Allows an encoding to discard input characters if an error occurs, taking in both the state and the input sequence to modify through the result type.

Remark

This will skip every input value until a proper starting byte is found.

static inline constexpr auto skip_input_error(encode_result<_Input, _Output, _State> __result, const _InputProgress &__input_progress, const _OutputProgress &__output_progress) noexcept

Allows an encoding to discard input characters if an error occurs, taking in both the state and the input sequence (by reference) to modify.

Remark

This will skip every input value until a proper UTF-32 unicode scalar value (or code point) is found.

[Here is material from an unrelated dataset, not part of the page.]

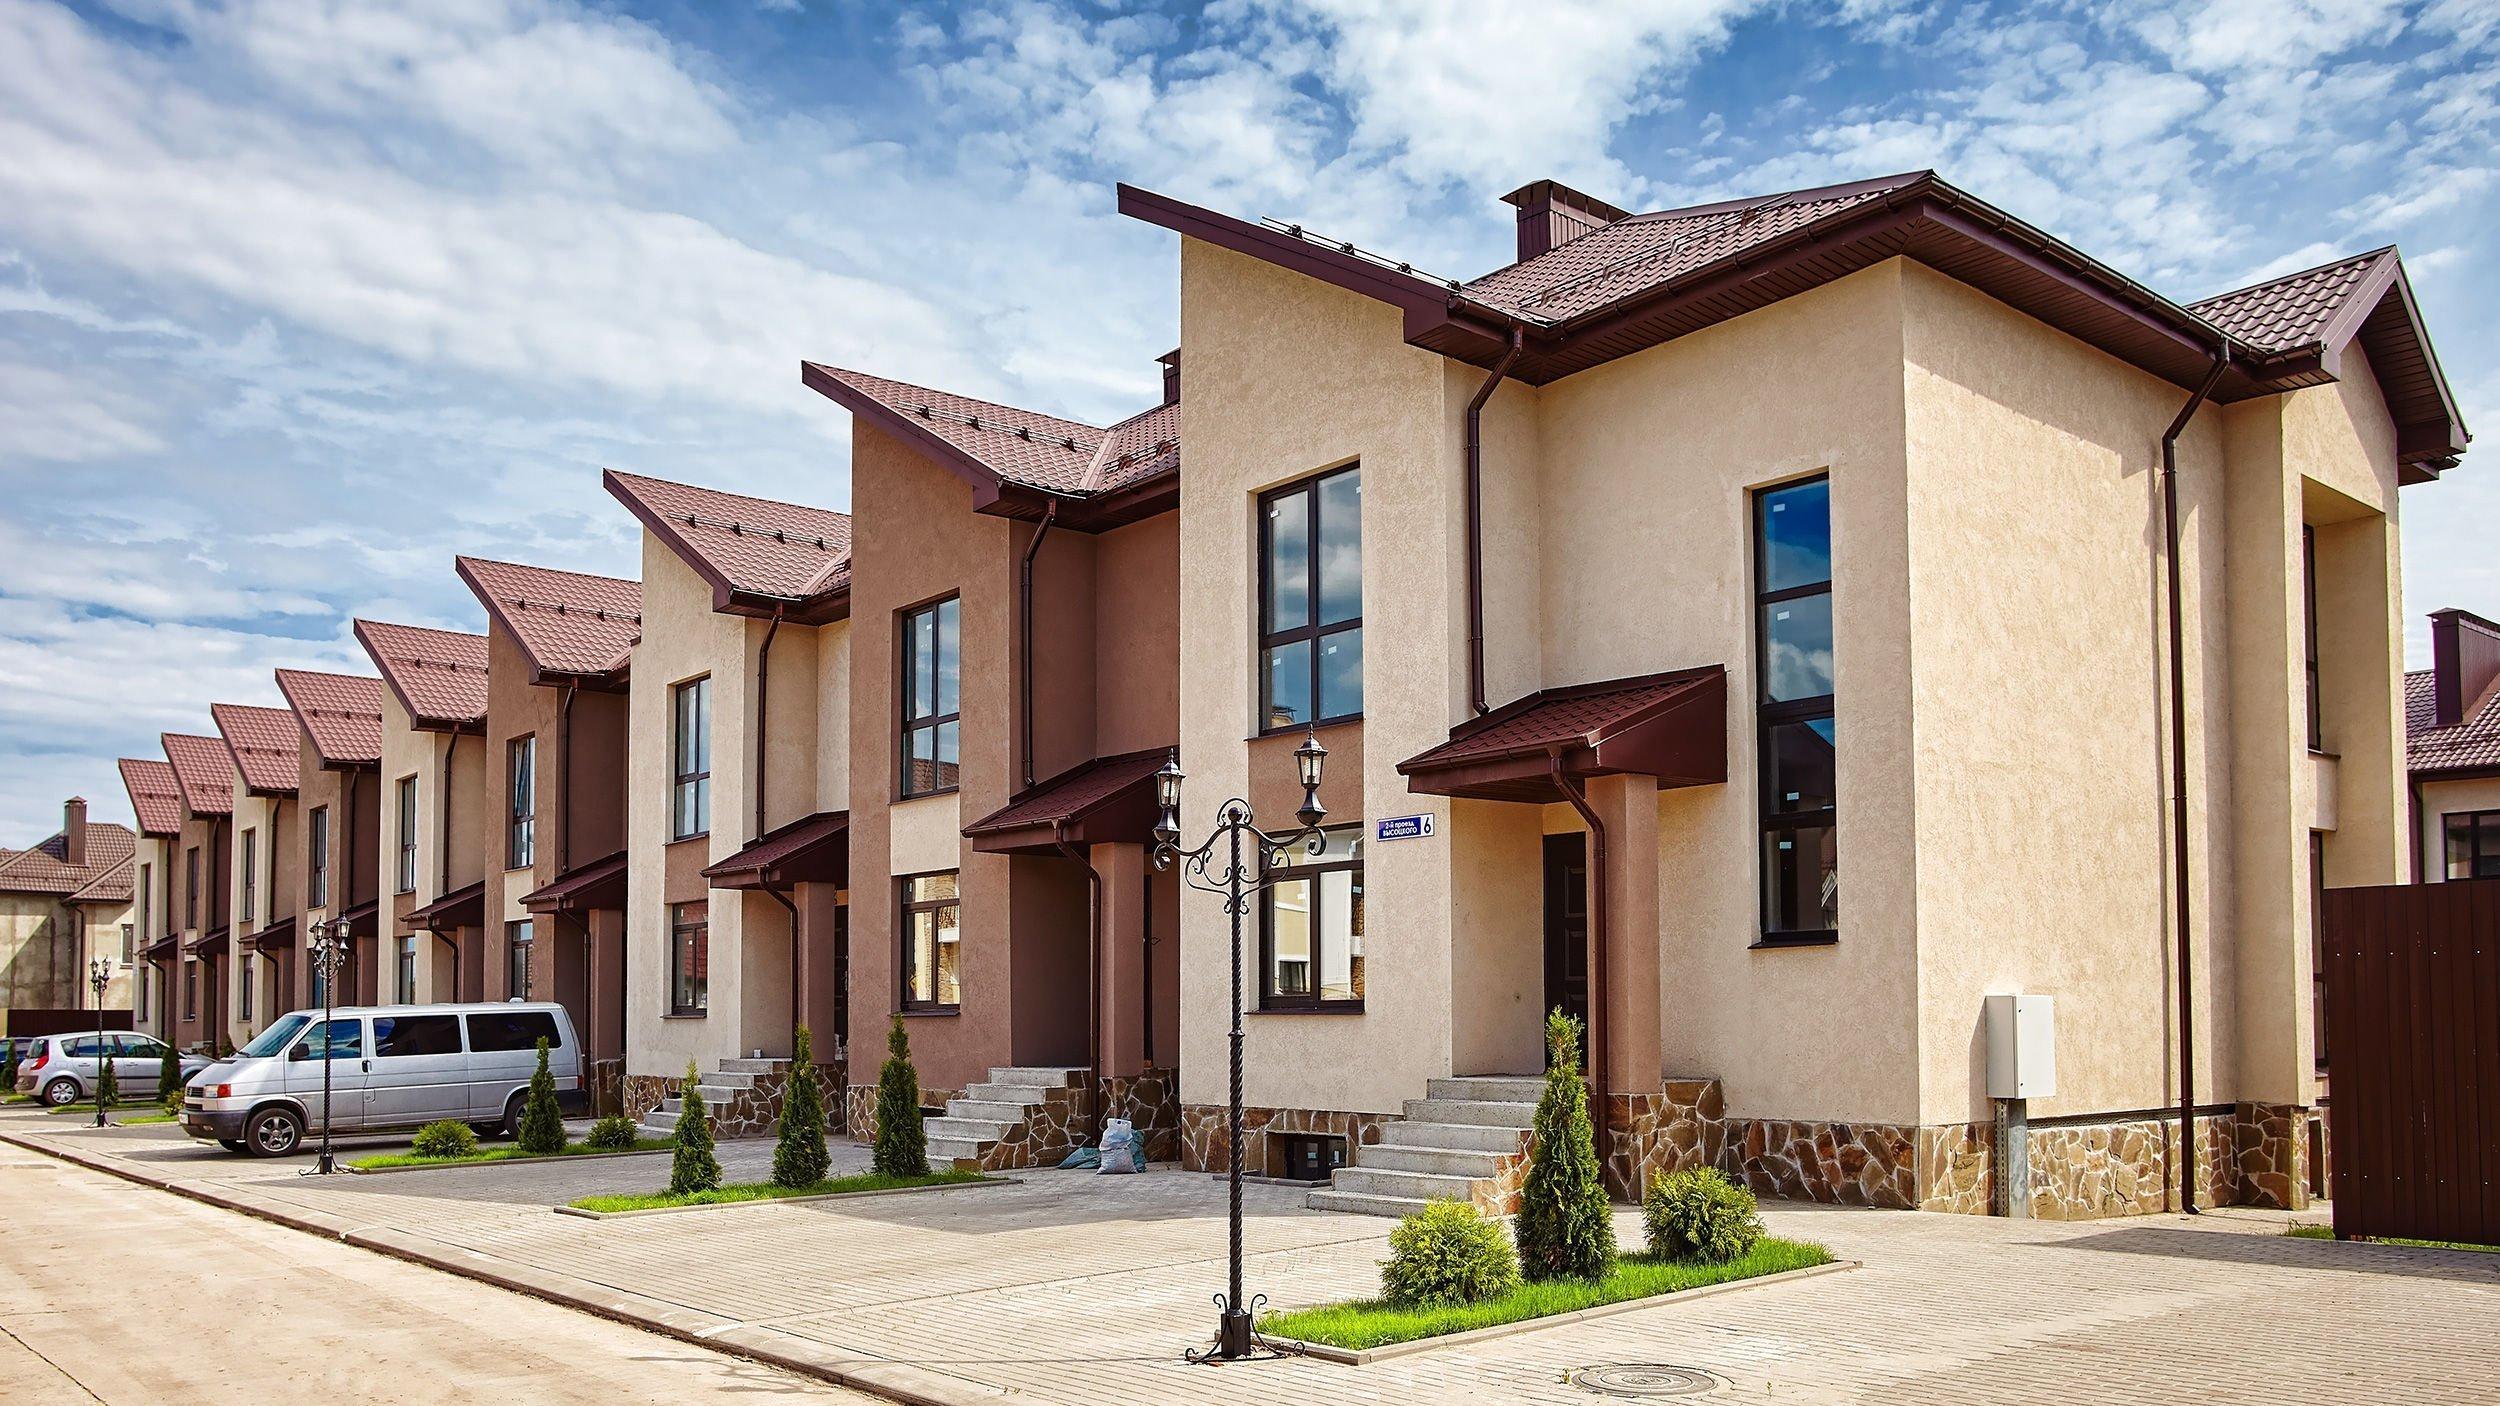 Террасные жилые многоэтажные дома картинки желаем этот

static inline constexpr auto encode_one(_Input &&__input, _Output &&__output, _ErrorHandler &&__error_handler, encode_state &__s)

Encodes a single complete unit of information as code units and produces a result with the input and output ranges moved past what was successfully read and written; or, produces an error and returns the input and output ranges untouched.

Remark

To the best ability of the implementation, the iterators will be returned untouched (e.g., the input models at least a view and a forward_range). If it is not possible, returned ranges may be incremented even if an error occurs due to the semantics of any view that models an input_range.

Parameters:
  • __input – [in] The input view to read code points from.

  • __output – [in] The output view to write code units into.

  • __error_handler – [in] The error handler to invoke if encoding fails.

  • __s – [inout] The necessary state information. For this encoding, the state is empty and means very little.

Returns:

A ztd::text::encode_result object that contains the reconstructed input range, reconstructed output range, error handler, and a reference to the passed-in state.

static inline constexpr auto decode_one(_Input &&__input, _Output &&__output, _ErrorHandler &&__error_handler, decode_state &__s)

Decodes a single complete unit of information as code points and produces a result with the input and output ranges moved past what was successfully read and written; or, produces an error and returns the input and output ranges untouched.

Remark

To the best ability of the implementation, the iterators will be returned untouched (e.g., the input models at least a view and a forward_range). If it is not possible, returned ranges may be incremented even if an error occurs due to the semantics of any view that models an input_range.

Parameters:
  • __input – [in] The input view to read code uunits from.

  • __output – [in] The output view to write code points into.

  • __error_handler – [in] The error handler to invoke if encoding fails.

  • __s – [inout] The necessary state information. For this encoding, the state is empty and means very little.

Returns:

A ztd::text::decode_result object that contains the reconstructed input range, reconstructed output range, error handler, and a reference to the passed-in state.

Public Static Attributes

static constexpr ::std::size_t max_code_points

The maximum number of code points a single complete operation of decoding can produce. This is 1 for all Unicode Transformation Format (UTF) encodings.

static constexpr ::std::size_t max_code_units

The maximum code units a single complete operation of encoding can produce. If overlong sequence allowed, this is 6: otherwise, this is 4.

static constexpr ::ztd::text_encoding_id encoded_id

The encoding ID for this type. Used for optimization purposes.

static constexpr ::ztd::text_encoding_id decoded_id

The encoding ID for this type. Used for optimization purposes.